Eastern Quoll (Dasyurus viverrinus) now extinct on the mainland due to cane toads, and “Endangered” even in toad-free Tasmania due to rapid anthropogenic climate change
Were either Bufo vulgaris or the natterjack released it is practically certain that the spotted-tailed quoll (Dasyurus maculatus) and eastern quoll (Dasyurus viverrinus) would have been extirpated extremely quickly except – perhaps – from small islands where the toads might not have been released. Most likely those two species would have gone “Extinct” before the middle 1970s when the first studies of the cane toad’s impact on native fauna was published by Mick Archer and snake specialist Jeanette Covacevich. Even the Western Quoll (Dasyurus geoffroii) could quite possibly have been extirpated by toads before 1974 – although the drastic (87 percent around Perth) enhanced greenhouse gases decline in streamflow over southwestern Australia since then might ironically have protected it from introduced Bufo vulgaris. I have also imagined that poison in Bufo vulgaris eggs and/or tadpoles would have been a threat to the iconic platypus (Ornithorhynchus anatinus) which hunts purely by touch and possesses as little exposure in its evolution to toad toxins as Dasyurus.
Spotted-tailed quoll Dasyurus maculatus – the largest Dasyurus. The CSIR’s prudence in not releasing Bufo vulgaris has so far saved this species from either extinction or being “Critically Endangered” and confined to small islands
In contrast to the CSIR’s serious study of Bufo vulgaris – although it quite naturally failed to test the toad’s toxicity toward those species probably saved thereby – Bufo marinus was released into Queensland with absolutely zero testing on the cane beetles it was supposed to control! Rather, the release of Bufo marinus was done as an act of faith that it would eat the beetles consuming sugar cane – a method used to sell toads to farmers and gardeners for several centuries before 1935.

Belief in the magical power of toads to control pests was dogma among the globe’s closely-knit sugar growing fraternity in the 1930s. It is highly plausible that this fraternity feared science for the same reason that large landowners in Catholic Europe did – that it would undermine their political power by providing justification for wealth redistribution from them. While the large landowners of Catholic Europe turned to stigmata stories and Marian apparitions as their means of countering class war, sugar planters held firmly onto beliefs about certain predators as effective pest control agents whether they worked or not. Thus, when the release of Bufo marinus in Puerto Rico coincided with reduced grub density and Raquel Dexter’s dissections showed Bufo marinus to eat beetles, it became dogma among the global sugar fraternity that toads would control beetles everywhere they be introduced.
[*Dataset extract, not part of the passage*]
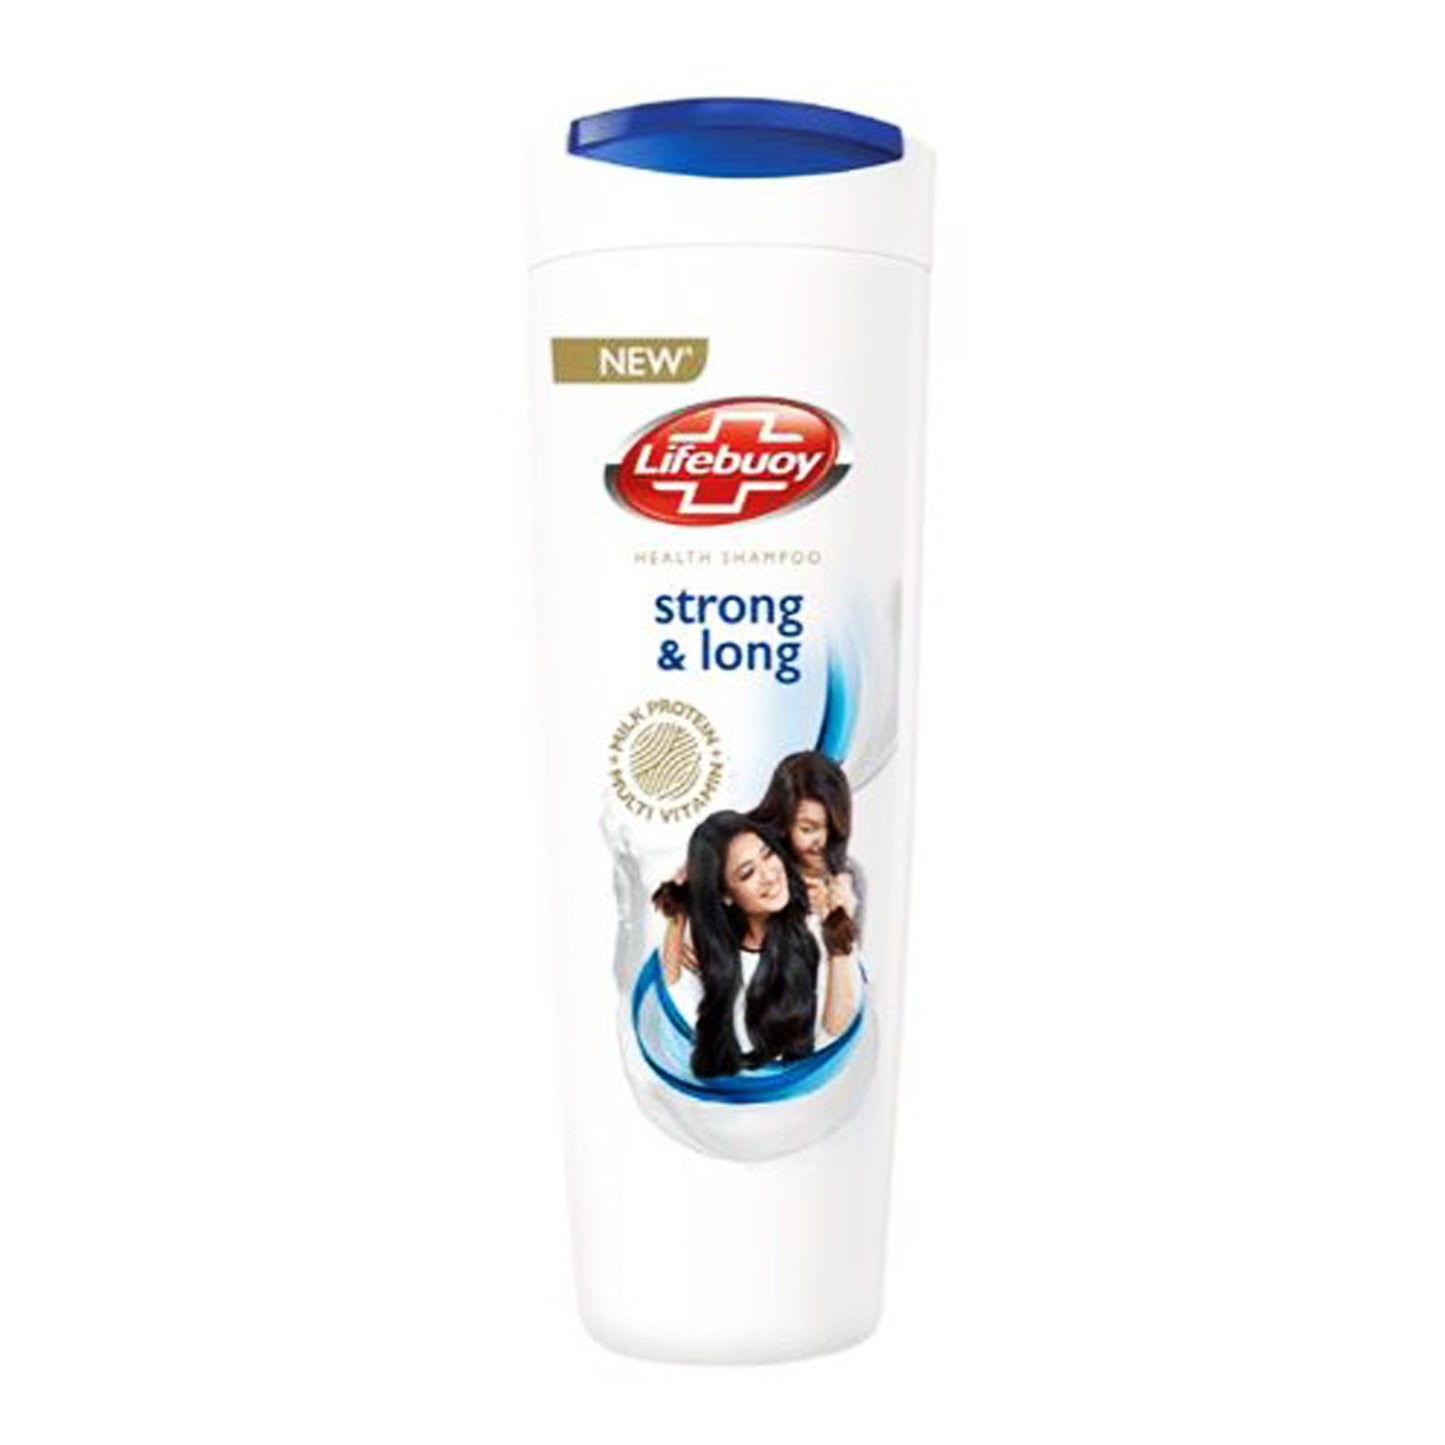 Lifebuoy Health Shampoo forte e lungo (175 ml)

However, as demonstrated by Nigel Turvey in his Cane Toads: A Tale of Sugar, Politics and Flawed Science, the actual reason for the (temporary) decline in grubs in Puerto Rico was due to unusually wet rainy seasons pinching breeding by waterlogging soils.

The cost of this false belief to Australia’s unique native wildlife has been qualitatively different from other landmasses without native bufonids. Oceanic island predators – even when living on a landmass without toads – were chiefly predatory raptors that evolved on continents with toads. Thus, unlike quolls or Pseudechis snakes, other landmasses where Bufo marinus was introduced had predators who could effectively regulate its numbers – not to mention merely one-thousandth to one-hundredth the space to expand. Thus even with uniquely bad soils, uniquely low secondary productivity and uniquely unreliable runoff toads in Australia can reach higher densities than anywhere else in the world – further condemning those who introduced the cane toad based purely upon dogma.